> _YOUR TASK_:
A faithful copy of the listing below is needed, with its pictures left out.

══ INPUT DATA ══

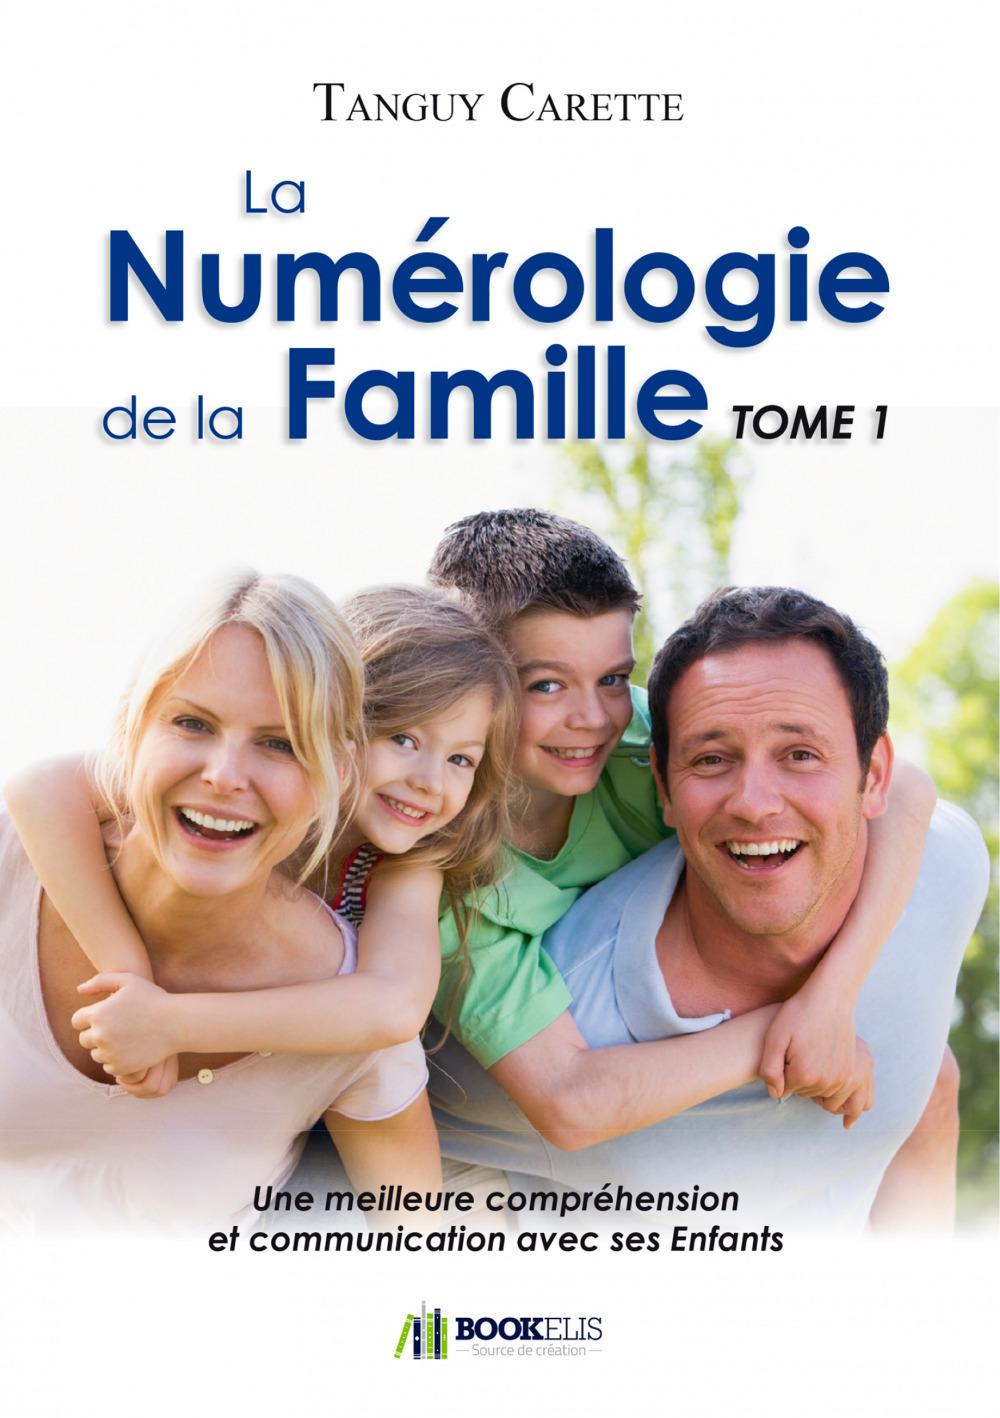 La Numérologie de la Famille, Tome 1 - Une meilleure communication avec ses Enfants
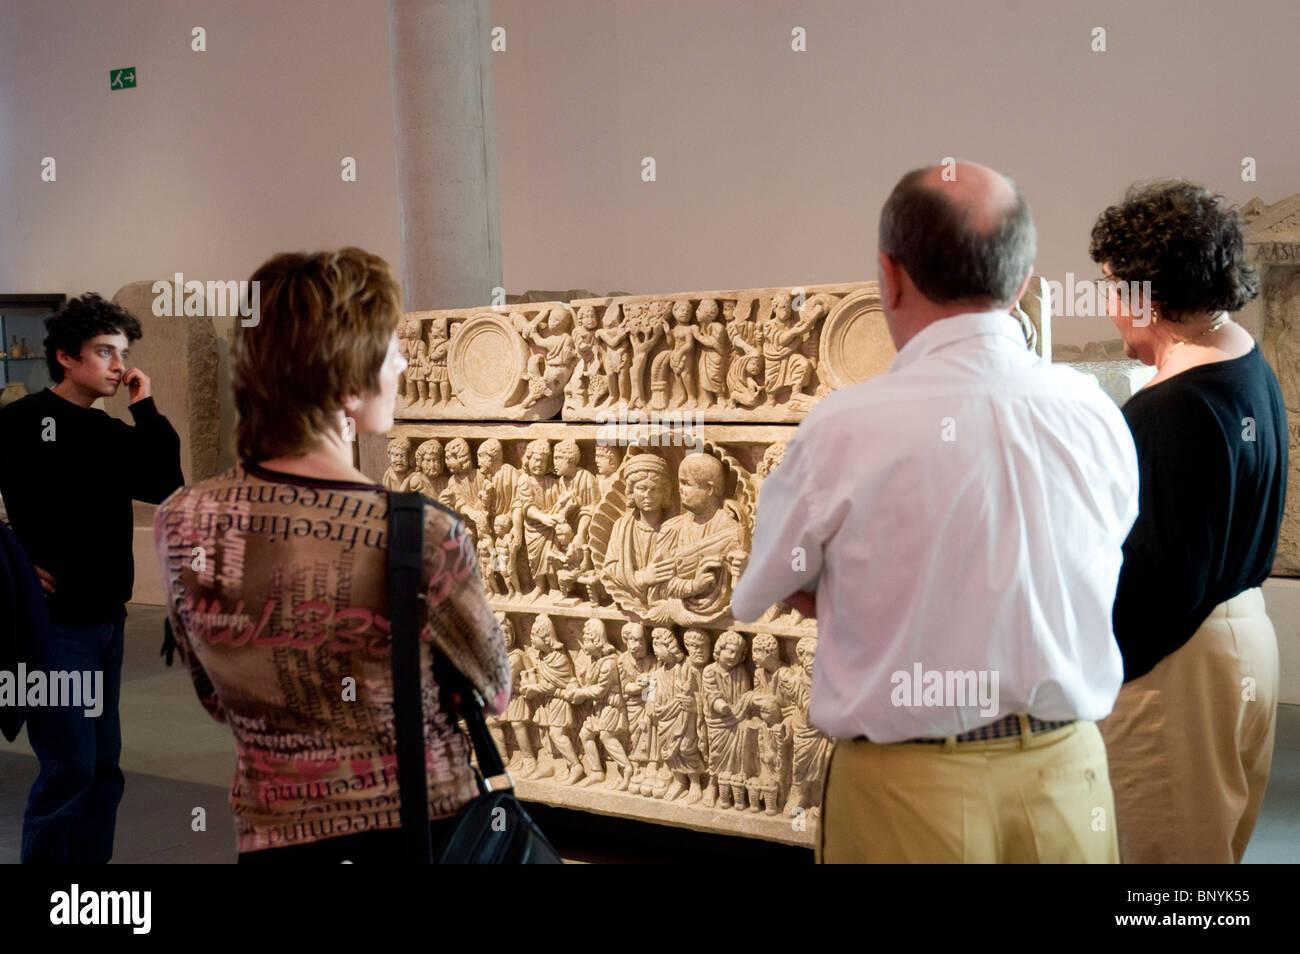 Les touristes visitant groupe Arles Musée Archéologique, Tour Guide expliquant les objets exposés, Photo Stock
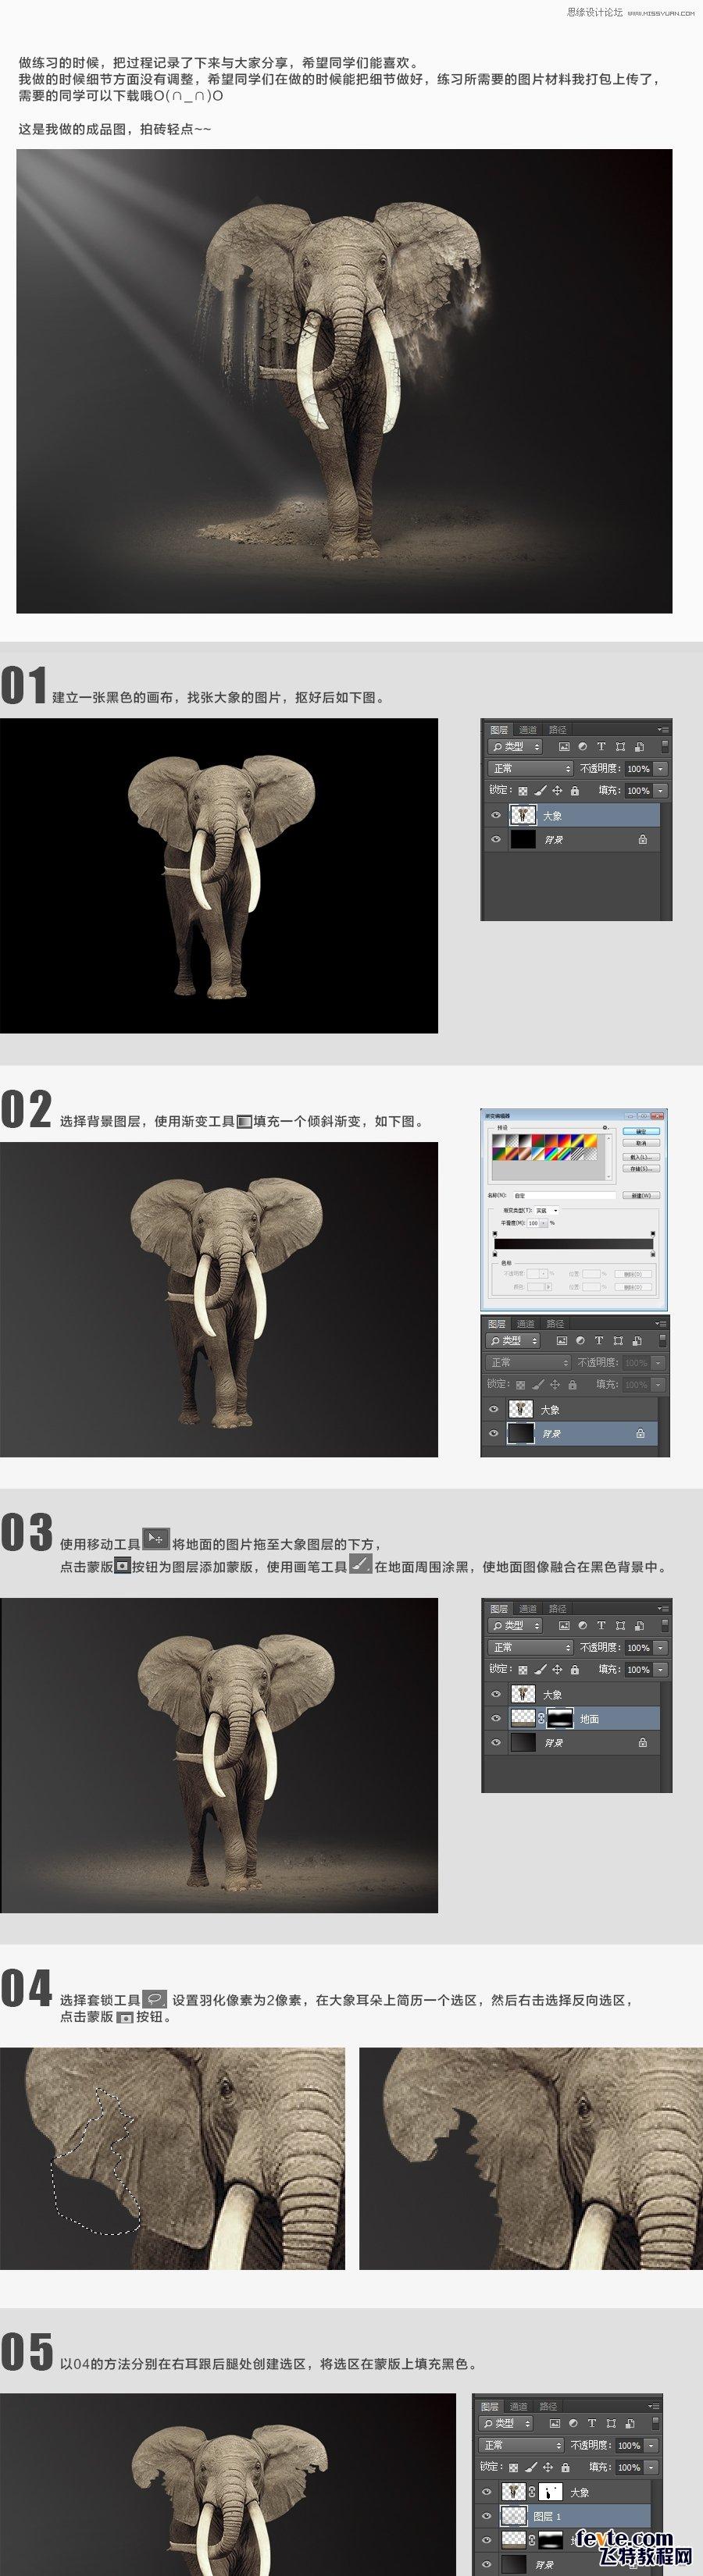 创意合成,PS制作被沙石粉化效果大象的创意合成图片

═══

> _OUTPUT BELOW_:
 La Numérologie de la Famille, Tome 1 - Une meilleure communication avec ses Enfants
 Les touristes visitant groupe Arles Musée Archéologique, Tour Guide expliquant les objets exposés, Photo Stock
 创意合成,PS制作被沙石粉化效果大象的创意合成图片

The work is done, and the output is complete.